Quando as pessoas pensam em tokenização, geralmente imaginam dividir uma obra de arte em várias partes negociáveis. Mas, na verdade, você também pode “desmontar” uma empresa em seus componentes. Por exemplo, você pode dividir os diferentes fluxos de receita da Tesla e tokenizá-los separadamente; ou até mesmo tokenizar o valor presente das receitas futuras da Tesla em 2036 — se você acha que o pacote de remuneração do Elon Musk tornará esse ano especialmente importante, isso faz todo sentido. Você também pode tokenizar linhas de produtos, receitas regionais, receitas de assinaturas, ou até o valor implícito do próprio Elon Musk no mercado. Tudo isso fornecerá às Wall Streets novas ferramentas de descoberta de preço e gestão de risco.
A BitMine está ativamente buscando projetos para construir a próxima geração de sistemas de tokenização.
Por fim, vamos falar das tesourarias de ativos digitais (Digital Asset Treasuries). Uma verdadeira empresa de tesouraria do Ethereum é, na essência, uma infraestrutura de cripto. O Ethereum usa Proof-of-Stake, e o staking não só garante a segurança da rede, mas também gera receita — essa receita será uma fonte de receita para a tesouraria. Essas empresas atuam como uma ponte entre as finanças tradicionais (TradFi) e o DeFi, e os emissores de stablecoins também acabarão por querer fazer staking de ETH, pois ele será a moeda base de todo o sistema.
Mas o principal indicador de influência de uma empresa de tesouraria cripto no mercado é a liquidez de suas ações. A MicroStrategy já é a 17ª ação mais negociada nos EUA — seu volume de negociações até supera o do JPMorgan. A BitMine, fundada há poucos meses, já é a 39ª ação mais negociada nos EUA — com volume maior que a General Electric e quase igual ao Salesforce.
De cerca de 80 empresas de tesouraria de cripto, MicroStrategy e BitMine representam 92% de toda a liquidez. A MicroStrategy está construindo uma “plataforma de crédito digital” ao financiar seu balanço patrimonial, enquanto a BitMine foca em conectar Wall Street, Ethereum e o ecossistema DeFi.
A BitMine já é a maior detentora de Ethereum do mundo — algo bastante impressionante, especialmente considerando que há cinco meses não tínhamos nem uma ETH. Nosso programa de staking Maven, após sua implementação completa, deve gerar cerca de 2,9% de rendimento de staking — o que equivale a aproximadamente US$ 400 milhões por ano, ou cerca de US$ 1,3 milhão por dia. E o mais importante: tudo isso com um balanço totalmente limpo, com mais de US$ 12 bilhões em Ethereum, uma pequena quantidade de Bitcoin, uma série de investimentos moonshot de alto risco e retorno, e cerca de US$ 900 milhões em caixa.

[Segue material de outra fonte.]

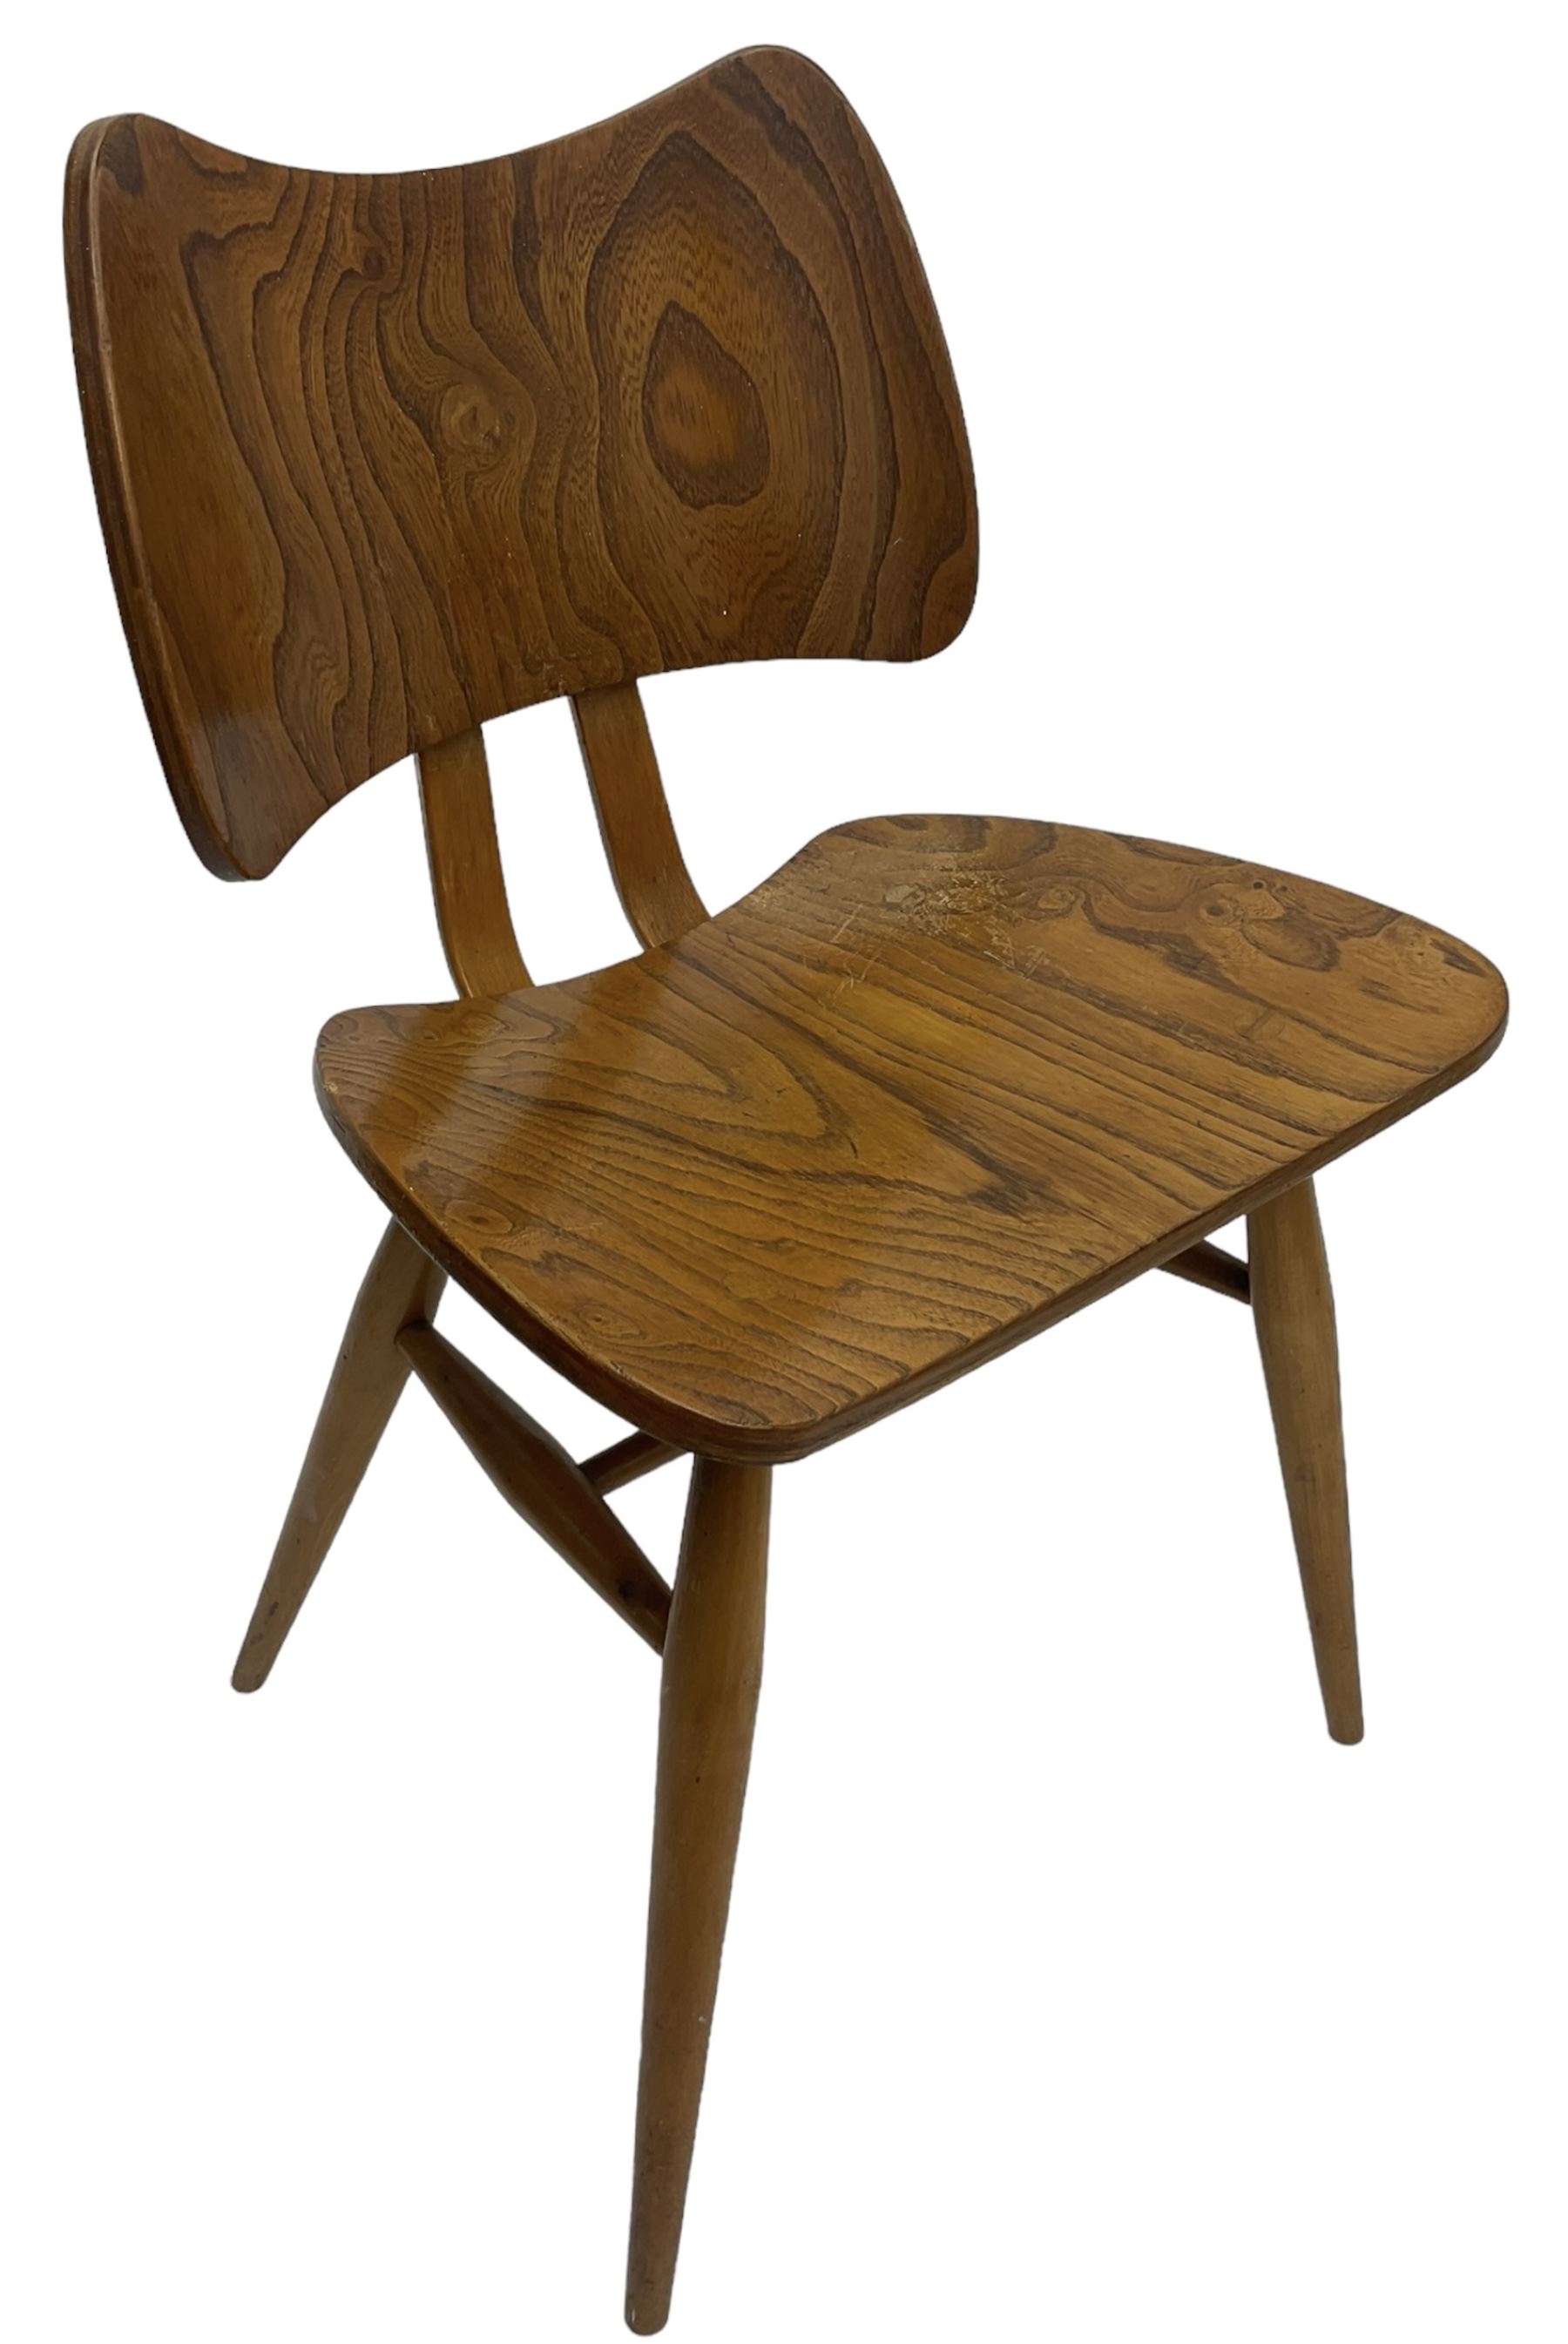 Lucian Ercolani - set of four ercol elm and beech model '401' dining chairs - Image 37 of 42

Nossa estratégia cobre várias frentes — incluindo investimentos moonshot, como o projeto Proof-of-Human, representado pelo token ERC-20 Worldcoin; infraestrutura de staking; colaboração profunda com a Fundação Ethereum; investimentos em DeFi; e a formação da BitMine Labs. Com a vantagem de volume de negociações da BitMine e fortes conexões com Wall Street, acreditamos que podemos realmente construir uma ponte entre o sistema financeiro tradicional e o mundo cripto.

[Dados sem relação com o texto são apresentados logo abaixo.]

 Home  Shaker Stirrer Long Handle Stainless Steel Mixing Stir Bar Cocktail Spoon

A BitMine também está se tornando uma marca de alto reconhecimento para o usuário final, apoiada por uma comunidade grande e pelo investimento em pesquisa e desenvolvimento próprio. Nosso roteiro inclui: construção da rede de validadores Maven, grande investimento na comunidade, projetos de pesquisa de ponta — com o objetivo de conquistar pelo menos 5% da participação na rede Ethereum no futuro.
Encerrando minha palestra, agradeço a todos.